Assigned task:
Provide an exact copy of the data, excluding the images.

======== Records for the task

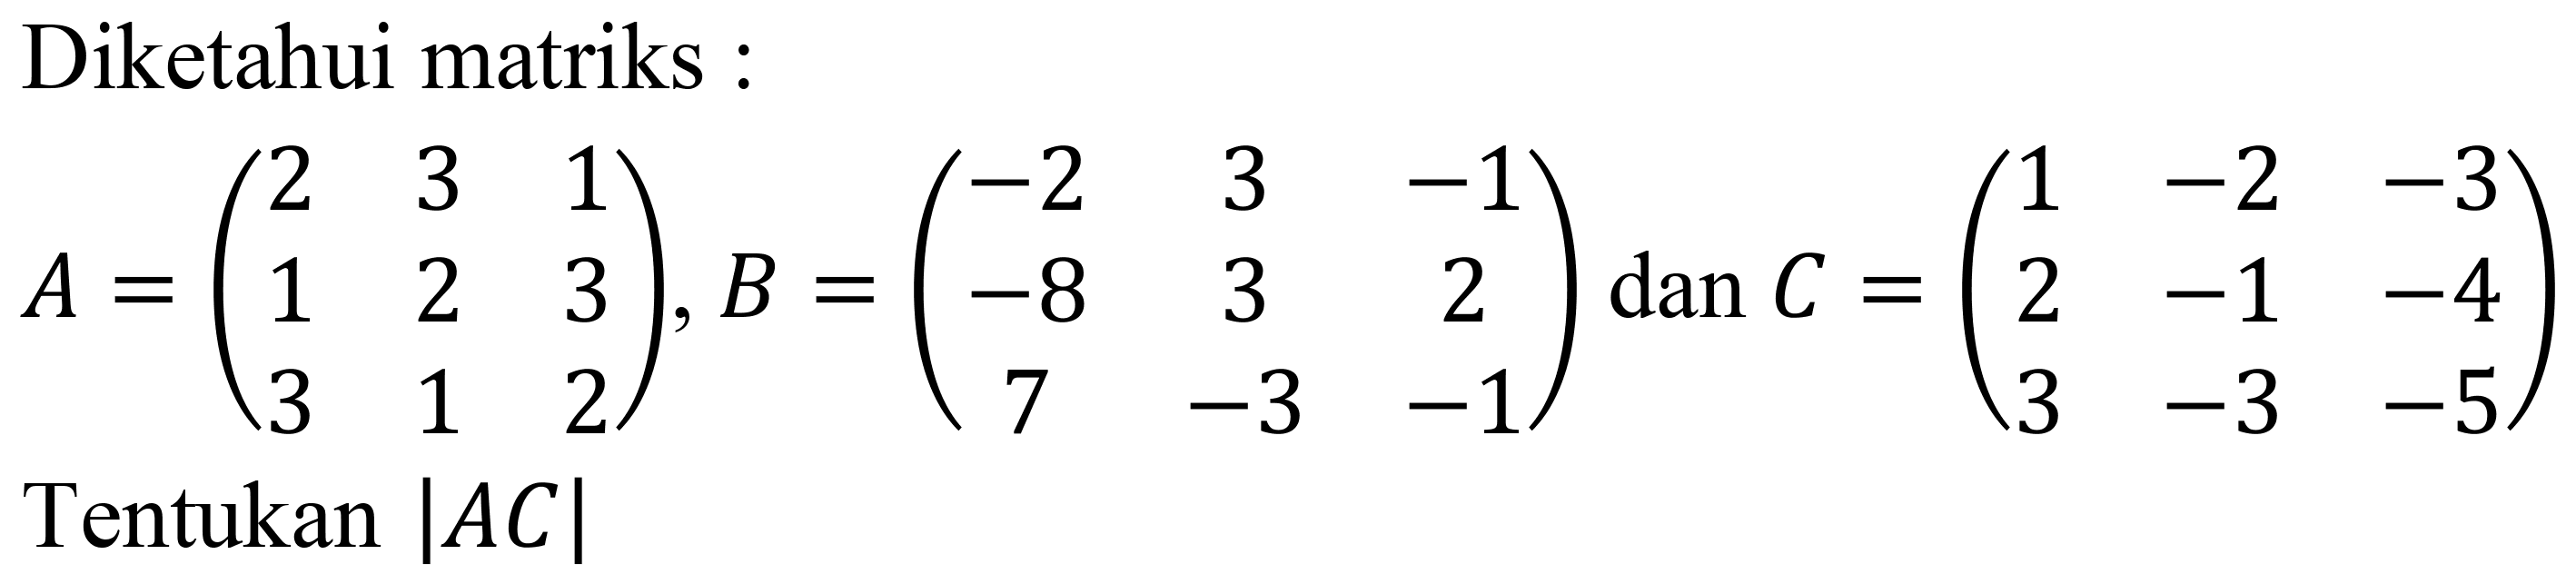 Diketahui matriks :

A=(
2  3  1 
1  2  3 
3  1  2
), B=(
-2  3  -1 
-8  3  2 
7  -3  -1
) dan C=(
1  -2  -3 
2  -1  -4 
3  -3  -5
)

================

Answer area:
 Diketahui matriks :

A=(
2  3  1 
1  2  3 
3  1  2
), B=(
-2  3  -1 
-8  3  2 
7  -3  -1
) dan C=(
1  -2  -3 
2  -1  -4 
3  -3  -5
)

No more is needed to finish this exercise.